The next day, Friday, October 4, health and other city officials gathered again for a full day meeting to discuss further Pittsburgh’s response to influenza. Health Director Davis ordered hospitals to end all unnecessary visitations, and requested that they provide a report on available beds in their wards. Churches, while not closed, were asked to limit attendance, to exclude parishioners exhibiting symptoms of illness, and to keep services as brief as possible. Doctors were instructed to report all cases of influenza to the city’s health department. Schools were kept open for the time being, but night school enrollment and classes were halted because they did not have medical inspectors; some 15,000 night school students were affected. Mayor Babcock thought that the measures went too far. “Personally, it appears to me,” he told reporters, “in view of local conditions and in the absence of any epidemic of influenza, that the orders of the [state] Department are too drastic.”6 Nonetheless, there was little Pittsburgh could do other than to follow Royer’s directives.
Within a few days, Pittsburgh had hundreds of cases of influenza. Suddenly in the midst of a rapidly growing epidemic, Director Davis met with the superintendents of all city hospitals to appoint a special Emergency Committee to plan for the creation of temporary hospitals to handle the volume of influenza patients. Davis buttressed his decision to keep schools open by fortifying medical staff in the public school system with 32 new doctors to monitor students closely for symptoms of influenza.7 Churches were not so lucky. Initially allowed to remain open, Davis now ordered churches closed for regular service, although they could remain open during the week for private worship. Jury trials were suspended. Elevator capacity was limited to six passengers. These measures were met with nary a word of grumbling. Such was not the case when Royer banned the sale of liquor by any outlet other than a drug store, and then only with a doctor’s prescription. Liquor associations immediately complained to Davis, who simply read Royer’s order to them and demanded their compliance.8
By Thursday, October 10, when more than 1,300 Pittsburghers had the flu, the Emergency Committee proposed devoting Pittsburgh’s hospitals to the care of the poor as well as any stricken industrial workers or miners living in the city’s over-crowded boarding houses and private homes. To further take the strain off hospitals, the Committee asked all those capable of caring for the sick at home do so. The next day, the Emergency Committee started gathering resources for the first of several temporary hospitals, identifying Kingsley Settlement House at 1707 Penn Avenue as the site of a 130-bed emergency facility.9 Next, the Committee readied a building on the Washington Park playground for a 200-bed hospital and made contingency plans for a canvas hospital close by with another 300 beds.10
Numerous military cases exacerbated the problem of hospital space. To help alleviate the problem, officials at the Elizabeth Steel Magee Memorial Hospital temporarily donated their facility for the care of sick soldiers and student cadets. Quickly, the hospital filled with 260 military cases, with an additional 160 sick soldiers sent to several other area hospitals.

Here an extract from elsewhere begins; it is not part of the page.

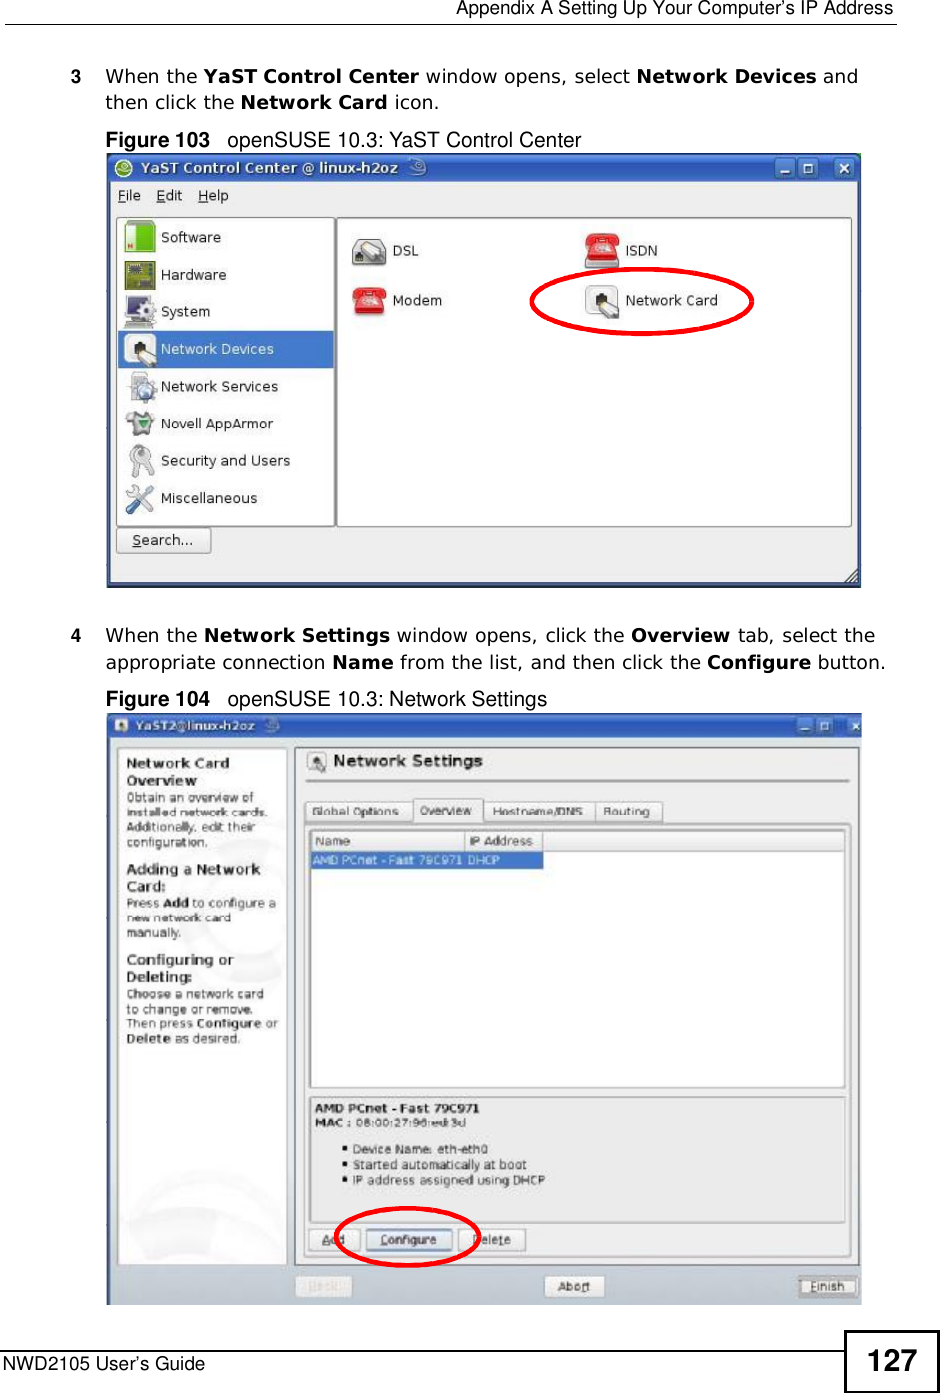  Appendix ASetting Up Your Computer’s IP AddressNWD2105 User’s Guide 1273When the YaST Control Center window opens, select Network Devices and then click the Network Card icon.Figure 103   openSUSE 10.3: YaST Control Center4When the Network Settings window opens, click the Overview tab, select the appropriate connection Name from the list, and then click the Configure button. Figure 104   openSUSE 10.3: Network Settings

Major W. E. Day, a United States Army Medical Corps officer in charge of the quarantines of student cadets at the University of Pittsburgh and the Carnegie Institute of Technology, arranged for 80 more beds at West Penn Hospital, despite being ill himself. He also ordered tents from Harrisburg to be used as a temporary convalescent hospital.11 One physician later reported that Day’s unflagging work during the epidemic resulted in keeping influenza among Pittsburgh’s military personnel within reasonable bounds.12
Influenza continued to tighten its grip on Pittsburgh. On October 16, more than 800 new cases appeared, bringing the total in the city to 4,445.13 A few days later, that total jumped to nearly 7,500. Davis believed that official reports were only capturing about half of the true number of cases. As the situation grew worse, Pittsburgh’s civic and charitable organizations further stepped up their efforts. The local chapter of the Red Cross renewed its efforts to recruit nurses, sending a total of 70 graduate nurses, 40 practical nurses, and 172 aides and helpers to emergency hospitals throughout the county, where they cared for close to 3,000 patients. At the same time, these workers managed more than 12,000 homebound influenza cases.14 To help staff hospitals and help the sick at home, more than 600 members of the Mothers of Democracy organized themselves into volunteer brigades.15 Davis asked city churches to help the Mothers of Democracy by organizing parishioners to engage in home service to aid stricken families.16 On October 26, Roman Catholic Bishop Regis Canevin placed all local resources of the church at the disposal of the health department. At his direction, the Catholic Conference of Charities established relief stations on church property in all 27 of the city’s wards, staffed by teaching nuns who also visited parishioners’ homes to provide home nursing services.17 The sisters at St. Vincent’s Hill and St. Mary’s Lyceum offered their buildings as temporary orphanages.18 The Beechview Moose Lodge donated its clubhouse, and the Twelfth Ward Hunting and Fishing Club volunteered its tents to the Department of Health to use as emergency hospitals.19 The Irene Kaufmann Settlement shouldered responsibility for all nursing service in the Hill District, home to most of Pittsburgh’s Easter European Jews. The Free Burial Association provided poor Jews with burial according to Jewish rites, with shrouds, coffins, hearses, and burial plots free of charge.20 All across the city, volunteers did their best to keep up with the rising tide of cases and the growing cries for help.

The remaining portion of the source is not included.